Kansas and Missouri

Kansas and Missouri are two bordering U.S. states with a long and tumultuous history. The relationship between these two states has its roots in Bleeding Kansas, but mutual distrust has continued off and on since then, even in sporting contexts.[1] These states also share the Kansas City metropolitan area, where both states each have a city named "Kansas City" on either side of the Missouri River.

Map of Kansas and Missouri with Kansas City metro counties

There is sometimes disagreement on which of these two cities are considered to be the "real Kansas City" so the they are commonly abbreviated as "KCK" and "KCMO" for Kansas City, Kansas and Kansas City, Missouri respectively.

Missouri was formed out of the Missouri Territory as a slave state during the early 19th century in 1821. Northern states wanting to slow the westward spread of slavery hammered out the Missouri Compromise with southern states anxious to keep slavery legal; this compromise ensured that any state directly west of Missouri would be a free state where slavery would be illegal.

In 1854, Congress passed the Kansas–Nebraska Act that allowed the territory's residents to vote on whether slavery would be allowed.[2] Both pro-slavery and anti-slavery boosters flooded into Kansas, but due to the state's proximity to Missouri, most were pro-slavery men from Missouri. They successfully stacked the vote to form a temporary pro-slavery government prior to statehood. Tensions resulting from this would lead to Bleeding Kansas, a violent and bloody civil war that would foreshadow the much larger American Civil War. Forty years after Missouri statehood, in 1861, Kansas was admitted as a state of the Union, a free state, as the abolitionists had won.

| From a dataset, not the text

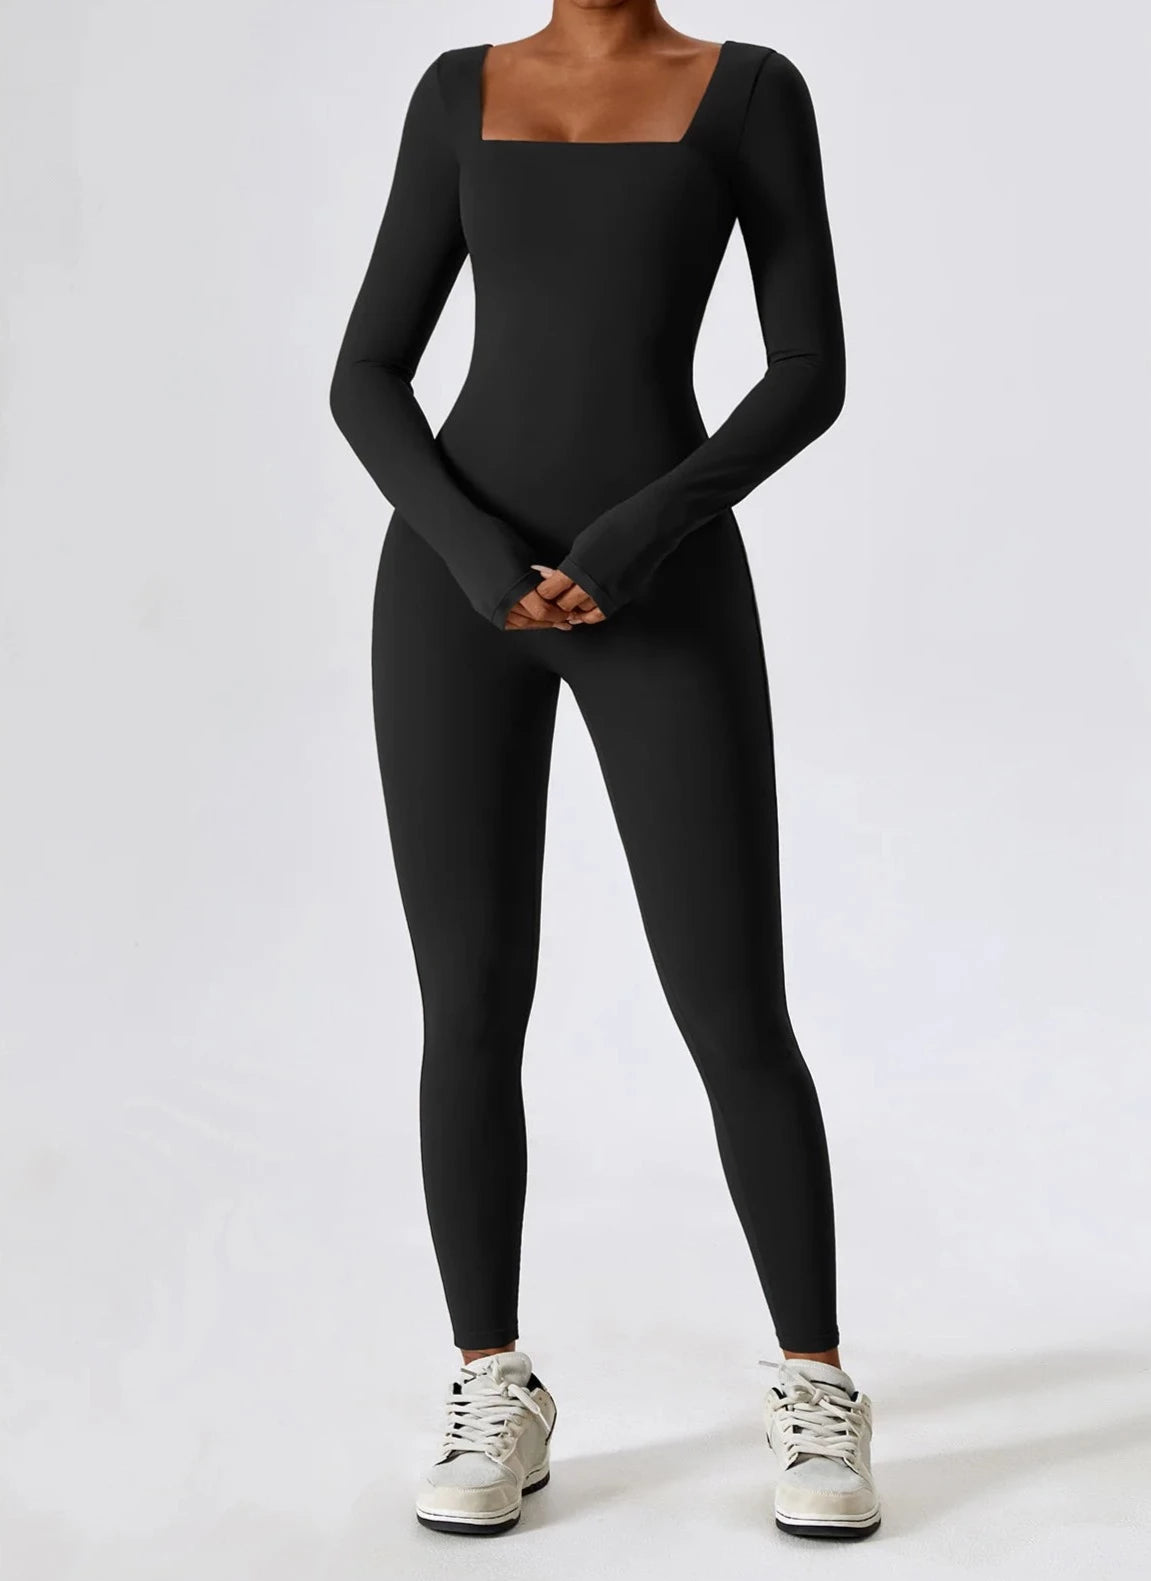 Flex Form Winter Jumpsuit Jumpsuit Starlethics Advanced Black S

This violence and war deeply harmed the relationship between the two areas, even after Kansas attained statehood and the war had ended. Violence and guerrilla warfare continued for several years thereafter until the American Civil War ended in 1865, with many unjust killings and lootings performed by partisans on either side of the border.[3]

The two states, being neighbors, have to deal with each other regularly, but the bitterness sown during Bleeding Kansas lingers. To some extent, this is reflected in university athletics, as the Border War rivalry between the two states' main universities shows.[4] The two states also compete economically.[5]